The supply disruptions plaguing the US economy are not the result of "excessive demand," "central planning," or a lack of efficiency. Rather, it is that a logistics ecosystem that was developed to feed the beast of American consumption was not designed for a pandemic.
A supply chain is like a Rorschach Test: each economic analyst sees in it a pattern reflecting his or her own preconceptions. This may be inevitable, since everyone is a product of differing educations, backgrounds, and prejudices. But some observed patterns are more plausible than others.
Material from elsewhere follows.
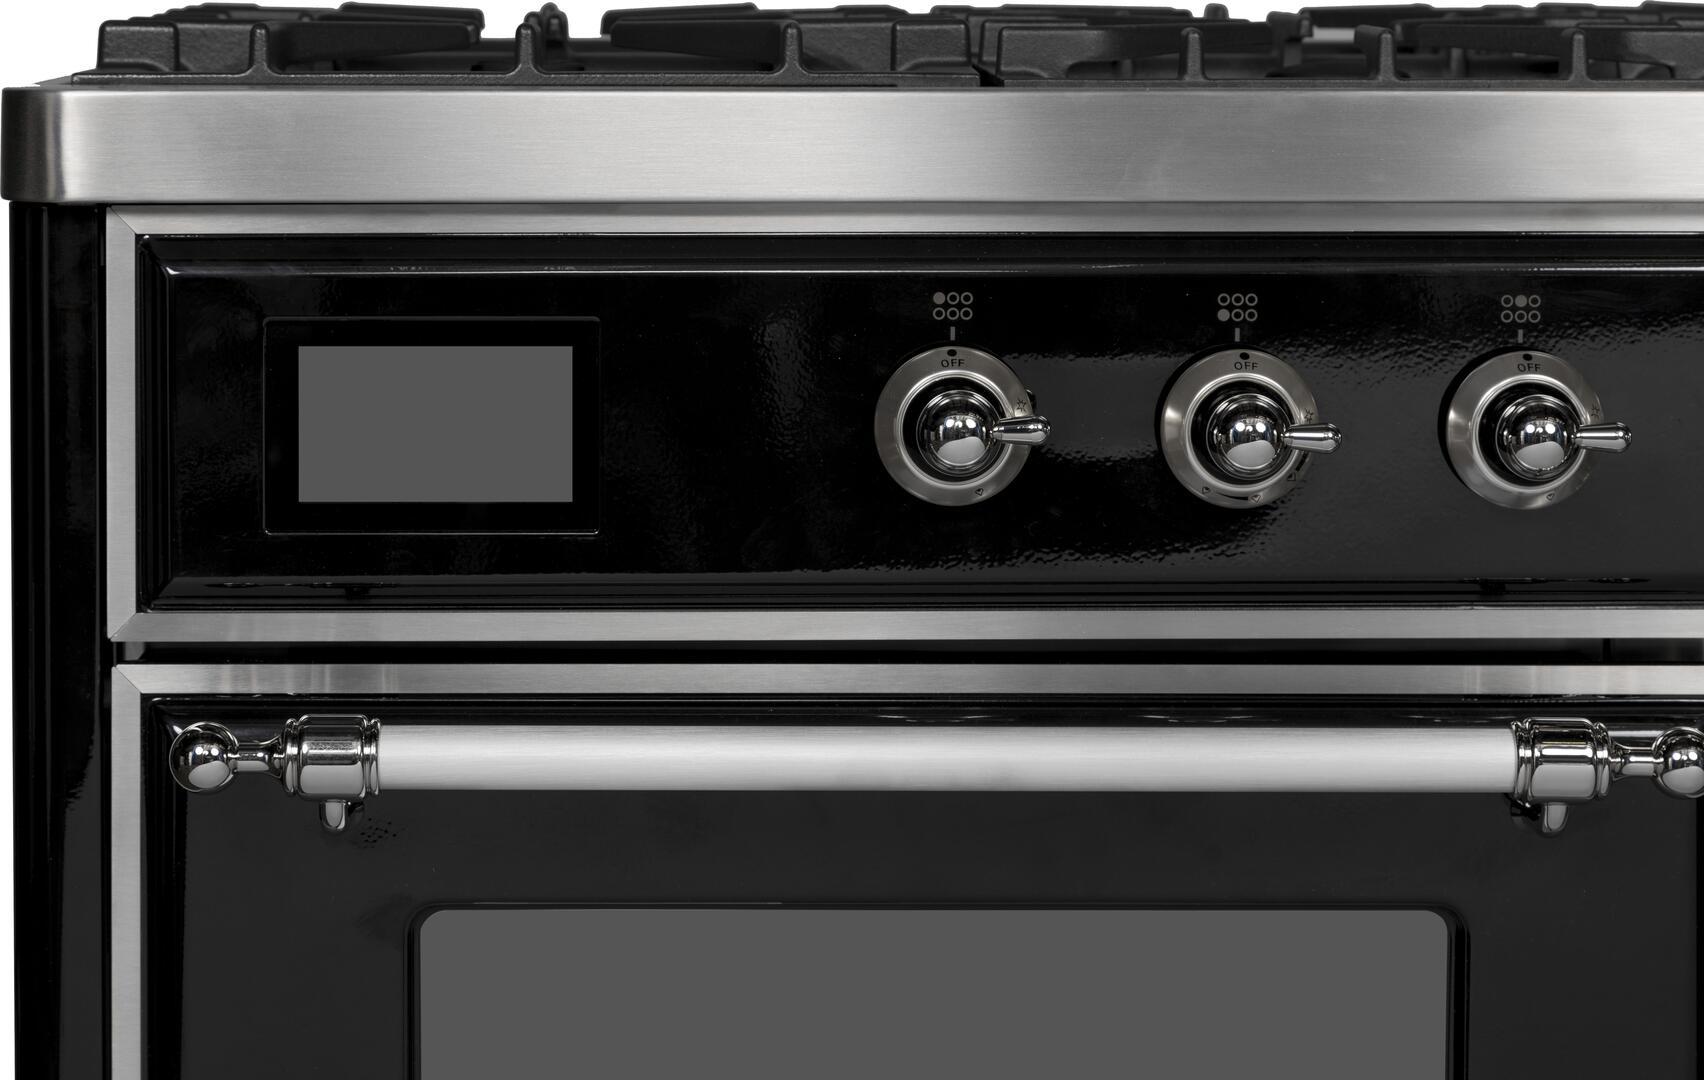 Ilve Majestic II UMD10FDNS3BKCLP Freestanding Dual Fuel Range Black, UMD10FDNS3BKC Close Up Details

Consider the following sampling of perspectives. For Jason Furman, formerly US President Barack Obama’s chief economic adviser, and Lawrence H. Summers, a former US secretary of the treasury, today’s supply-chain problem is one of excessive demand. According to Furman, it is a “high class” issue that reflects a strong economy. The “original sin” was the American Rescue Plan, which provided too much support through funds disbursed directly to US households.
For John Tamny of RealClearMarkets, the supply-chain problem is one of “central planning.” Had President Joe Biden’s administration not sent directives to port managers, free markets would have sorted everything out. And for Awi Federgruen, a professor of management at the Columbia Business School, the issue is inefficiency, the remedy for which is to work harder and do more with less.
None of these interpretations withstands scrutiny. The excess demand story fails on a glance. After all, there is no shortage of goods. Ships bearing the supply – 30 million tons of it – are sitting right now outside US ports, with more on the way. Nor have production prices risen by much. Most of the “inflation” so far has been in energy (driven partly by a rebound from the pandemic slump) and in used cars and trucks, previously produced goods that are in demand because of the semiconductor shortage affecting automakers.
And no, that particular shortage is not the result of “excess demand,” either. During the pandemic, chipmakers predicted a bigger shift in the composition of demand – toward household gizmos and away from cars – than actually occurred. Now they have too much of one kind of chip and not enough of another.
As for the “central planning” jibe, that is to be expected from certain circles. The implication is that all would be well if only the Biden administration had not been paying attention. Never mind that the extent of Biden’s intervention was merely to urge port managers to work “24/7” to get the boats unloaded – an idea that one assumes would have already crossed their minds.
The point about “efficiency” gets closer to reality, except that the problem is not too little efficiency, but too much. To be precise, the extreme efficiency of today’s global supply chains is also their fatal flaw. Well-run ports are models of high throughput and low costs. They incorporate docks, railheads, truck bays, storage areas, and heavy-lifting equipment to suit the traffic they expect. Building capacity beyond a small margin of safety would be a waste.
In normal times, any excess capacity sits idle, yielding no revenue while interest on the debt issued to build it still must be paid. Over time, efficient operators will minimize the excess and keep the docks and machinery they have humming away. The spectacular success of global supply chains – up until now – reflects the relentless operation of this principle.
In the pandemic slump, much of America’s port capacity was briefly idle. When production stopped and container ships remained anchored in Asian ports, American trucks left their own empty containers to pile up at the ports, awaiting ships to carry them back to Asia. But then demand revived and production restarted – even accelerated – as households diverted income from services to goods. The ships bearing the goods started showing up again. But there was a new problem: to offload full containers, one must have a place to put them. According to press reports, the yards and warehouses were already filled with empties. Moreover, trucks bearing fresh empties could not unload them, and thus could not take on new containers.
And so, the cargoes sit and wait. Partial solutions – stacking the empties higher, for example – can go only so far. Over a longer period, new docks and rail lines can be built. But all of that takes time, land (which is not easy to find, it turns out), and heavy equipment, which itself must come from somewhere, possibly by ship.
A supply chain is an entire ecology, a biophysical entity. It requires all of its parts to function smoothly all of the time. Failures are not isolated to one segment, nor can they be fixed with a simple increase in prices or fees, or by some rapid change in techniques. Instead, they cascade through a system that was built in a specific way; a breakdown in one part can become a general one.
In his remarkable 2011 book, The Global Minotaur, the economist (and future Greek finance minister) Yanis Varoufakis compared the United States to the mythical monster that lived in a labyrinth from which nothing that entered could escape. For 40 years, the US economy has taken in the consumption goods produced by Japan, South Korea, China, and others. To sustain the insatiable Minotaur, the world built a global labyrinth of ports, ships, more ports, warehouses, storage yards, roads, and rails.
Then, one day, the Minotaur got sick and missed a meal. The next day, he sought to catch up by eating four meals, only to find that his gullet was not quite wide enough to get them all down. So, now the Minotaur sits, choking and helpless, hoping the blockage will clear. If it doesn’t, the consequences could be grave. If choking the beast in this way had occurred to Theseus, he might not have needed Ariadne, her sword, or her ball of yarn.